La clôture de l’instruction a été fixée au 04 juin 2024.
L’affaire, appelée à l’audience du 01 juillet 2024, a été mise en délibéré au 29 octobre 2024.
Pour un plus ample exposé des faits, de la procédure et des moyens des parties, conformément aux dispositions de l’article 455 du code de procédure civile, la cour se réfère à la décision attaquée et aux dernières conclusions déposées.
SUR QUOI
Sur l’obligation de sécurité
L’employeur a une obligation s’agissant de la sécurité et de la santé des salariés dont il ne peut, le cas échéant, s’exonérer que s’il établit qu’il a pris toutes les mesures nécessaires et adaptées énoncées aux articles L 4121-1 et L 4121-2 du code du travail ou en cas de faute exclusive de la victime ou encore de force majeure.
L’article L 4121-1 du code du travail dans sa version antérieure à l’ordonnance n°2017-1389 du 22 septembre 2017 prévoit que :
L’employeur prend les mesures nécessaires pour assurer la sécurité et protéger la santé physique et mentale des travailleurs.
Ces mesures comprennent :
1° Des actions de prévention des risques professionnels et de la pénibilité au travail ;
2° Des actions d’information et de formation ;
3° La mise en place d’une organisation et de moyens adaptés.
L’employeur veille à l’adaptation de ces mesures pour tenir compte du changement des circonstances et tendre à l’amélioration des situations existantes.
A compter du 1er octobre 2017, la référence à la pénibilité a été remplacée par un renvoi à l’article L 4161-1 du code du travail.

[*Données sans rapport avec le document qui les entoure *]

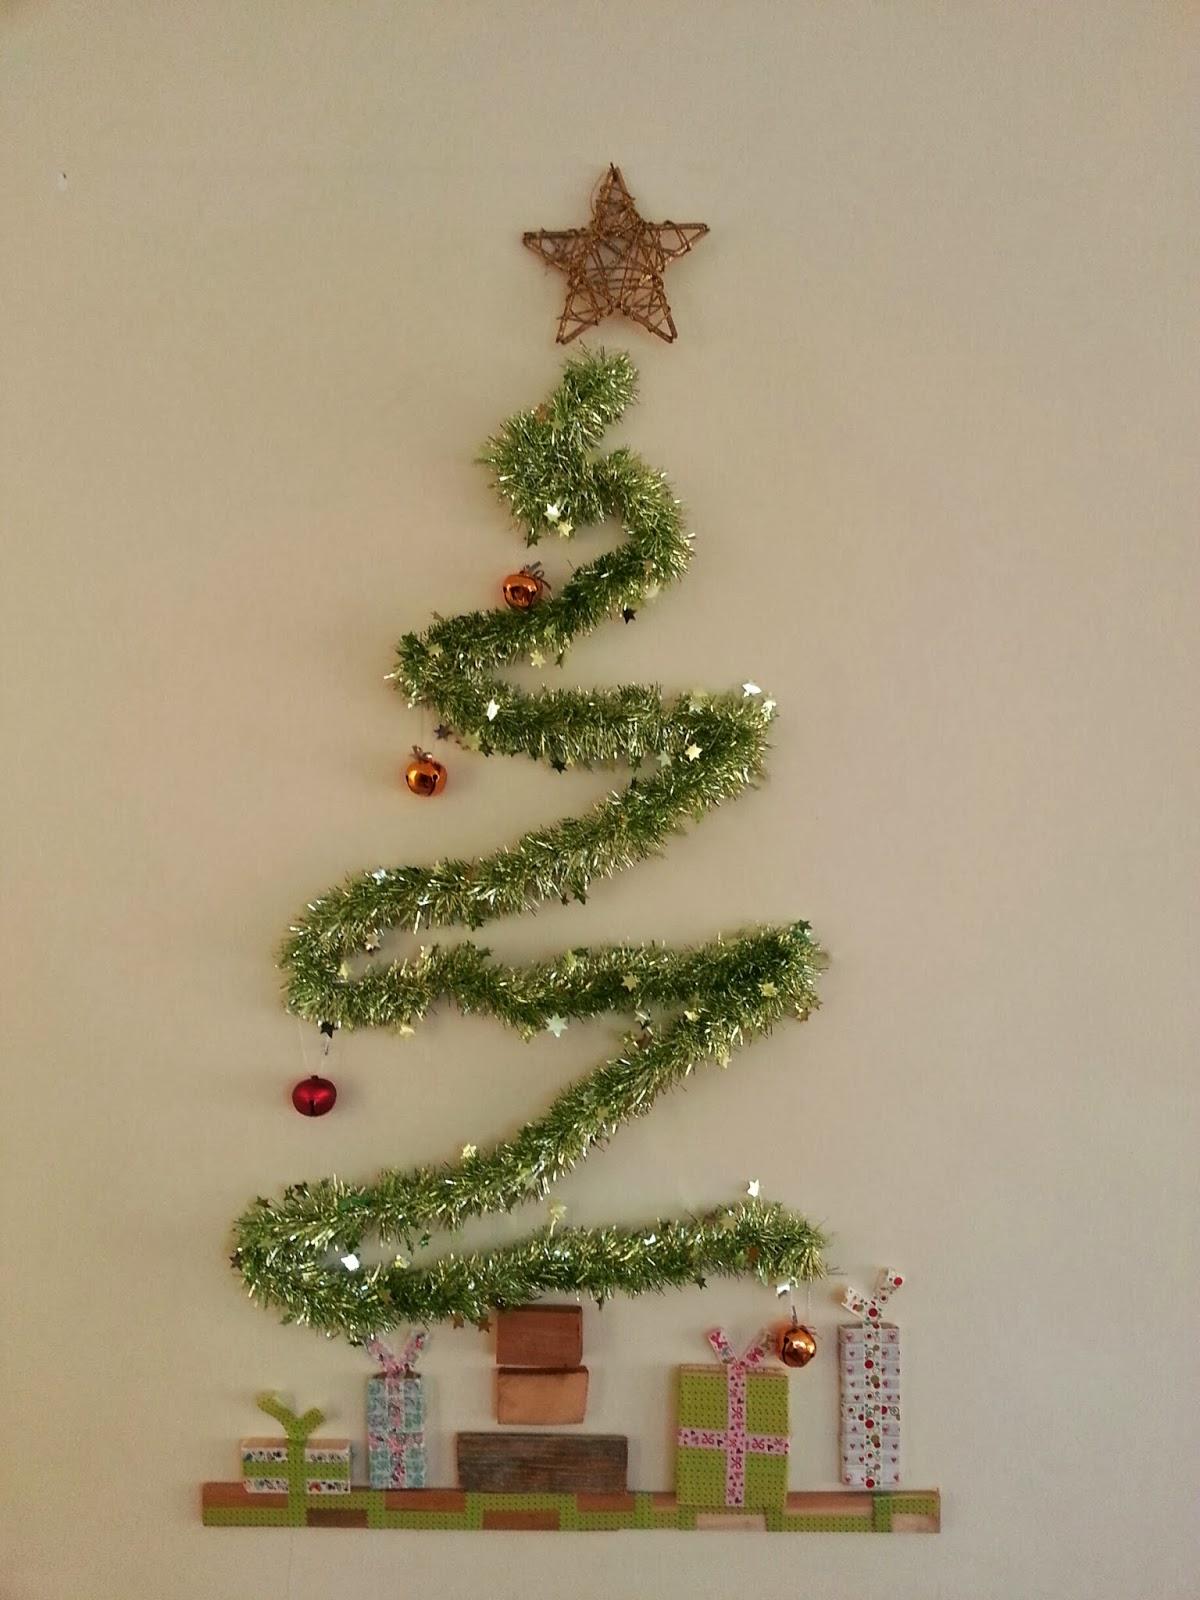 Arbol navidad moderno rbol navidad blanco christmas diy escaleras decoradas como rbol de - Arbol navidad moderno ...

L’article L 4121-2 du code du travail prévoit que :
L’employeur met en oeuvre les mesures prévues à l’article L. 4121-1 sur le fondement des principes généraux de prévention suivants :
1° Eviter les risques ;
2° Evaluer les risques qui ne peuvent pas être évités ;
3° Combattre les risques à la source ;
4° Adapter le travail à l’homme, en particulier en ce qui concerne la conception des postes de travail ainsi que le choix des équipements de travail et des méthodes de travail et de production, en vue notamment de limiter le travail monotone et le travail cadencé et de réduire les effets de ceux-ci sur la santé ;
5° Tenir compte de l’état d’évolution de la technique ;
6° Remplacer ce qui est dangereux par ce qui n’est pas dangereux ou par ce qui est moins dangereux;
7° Planifier la prévention en y intégrant, dans un ensemble cohérent, la technique, l’organisation du travail, les conditions de travail, les relations sociales et l’influence des facteurs ambiants, notamment les risques liés au harcèlement moral et au harcèlement sexuel, tels qu’ils sont définis aux articles L. 1152-1 et L. 1153-1 ;
8° Prendre des mesures de protection collective en leur donnant la priorité sur les mesures de protection individuelle ;
9° Donner les instructions appropriées aux travailleurs.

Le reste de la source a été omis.